Students in Taiwan are protesting against gender equality classes

Taiwan protests

Students at a Taiwan university have staged a number of protests against gender equality classes over fears they will “promote” homosexuality.

Students who stood outside the Ministry of Education called for guidelines in the gender equality curriculum to be “revised” so as “sexual exploration and homosexuality” is discouraged.

Shih Chun-yu, a demonstrator with the Student Alliance for the Protection of Families, said: “We are not opposed to gender equality education, but we are opposed to education that amounts to the exploration of a variety of lusts and the encouragement of homosexual tendencies”.
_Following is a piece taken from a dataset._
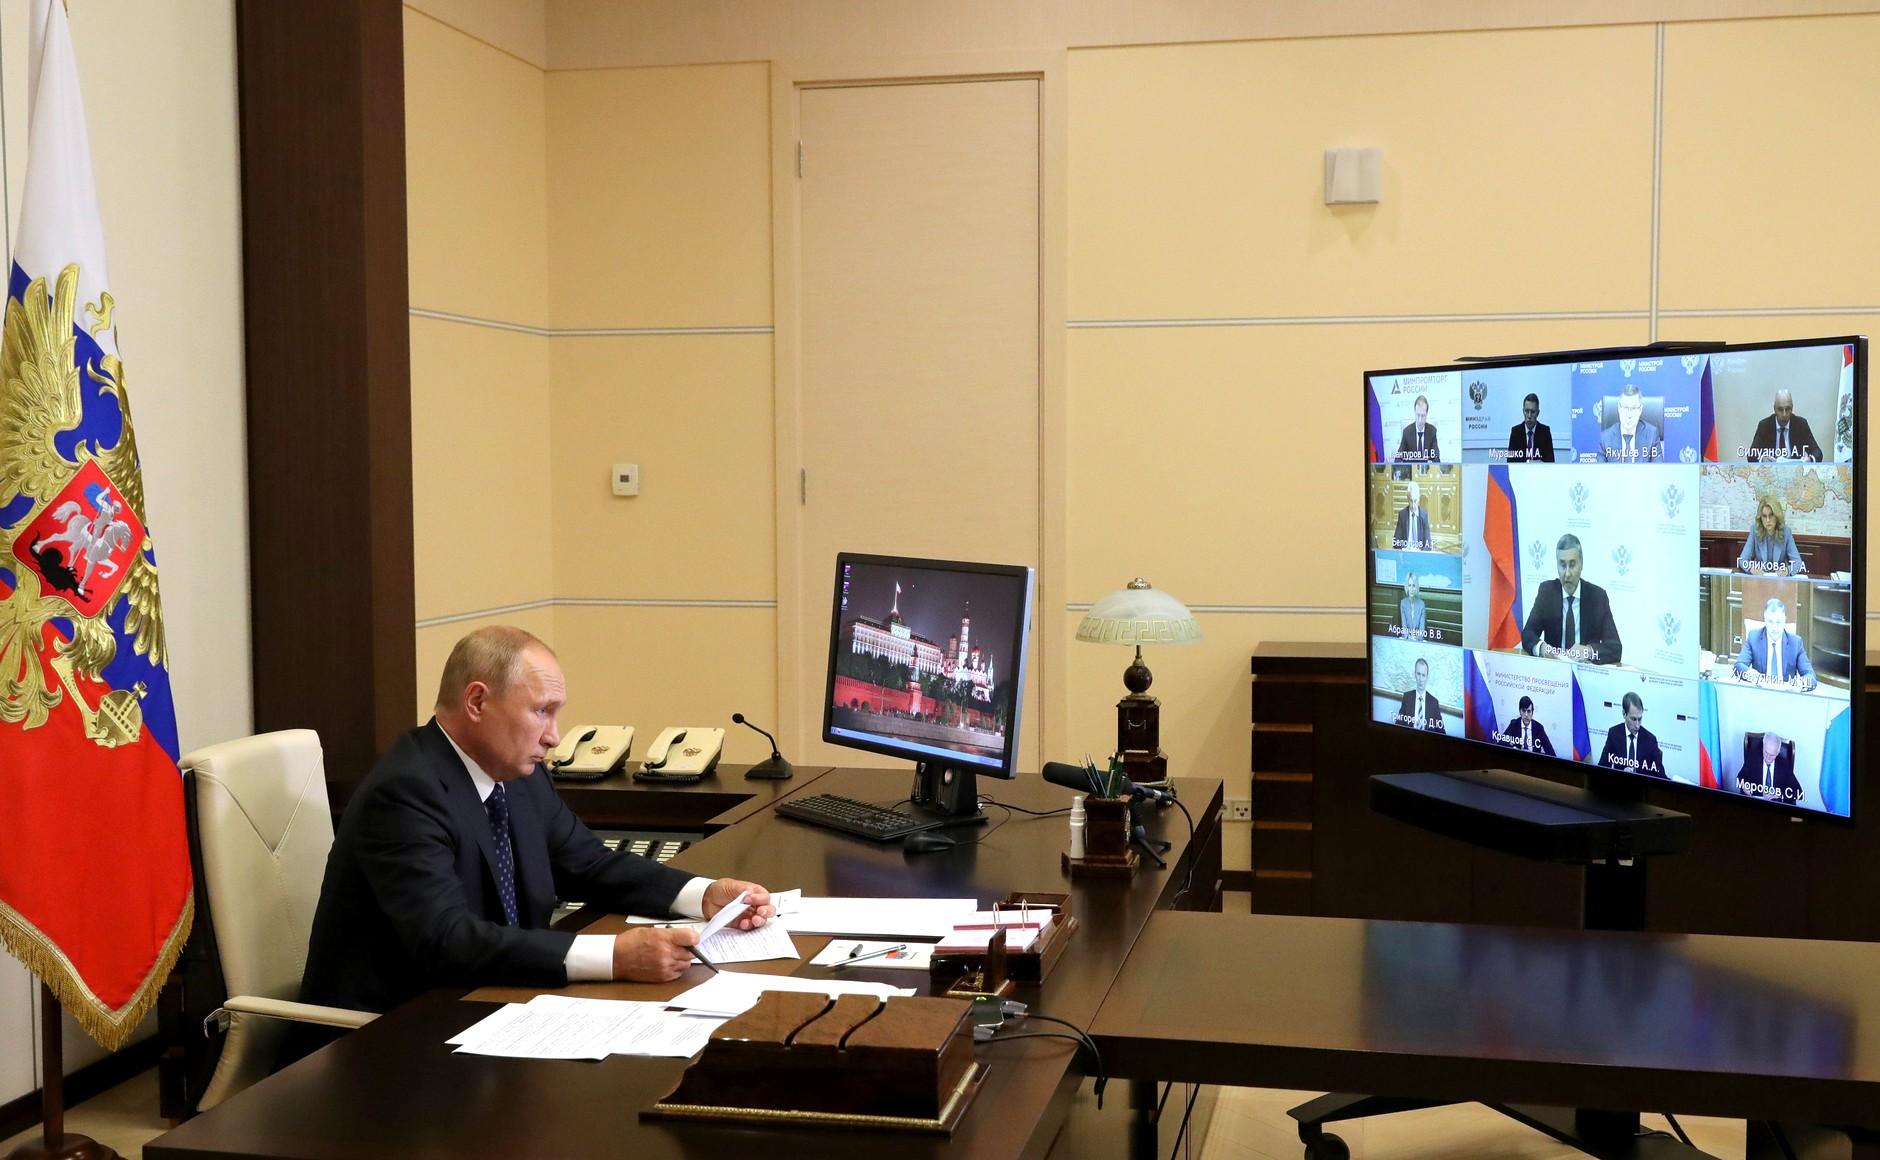 KREMLIN N° 1 X 3 DU 27.08.2020 Rencontre avec les membres du gouvernement (par vidéoconférence). soKfIUeFgwAjdPuU0ZilZtwDXP7ZD1Nw

Along with other protesters, Chun-yu called for the “gender-spectrum” module to be pulled from the module which spans over just four hours in one semester.

“Elementary-school students are still maturing and to tell them they can choose a gender identity different from their biological one just confuses them,” he said.

Hsieh Yu-chan, an executive director with the notoriously homophobic alliance, said that protests are being held across the country in Hsinchu, Taichung, Tainan and Kaohsiung.

Some groups, including the Taiwan Youth Sexual Equality Association are counter-protesting.

Brian Sung is a student at the National Taipei University and is pushing to protect the current education on gender and hopefully improve it in the future.

Sung said: “We approve of these kinds of curriculum materials and we hope that they can expanded to include more people on the gender spectrum.”

Hsieh Chang-yun is the director of the Ministry of Education Special Education.

Chang-yun said that the gender equality education module was established in 2004, and that they would take “into account the views of the public” if further revisions were to be implemented.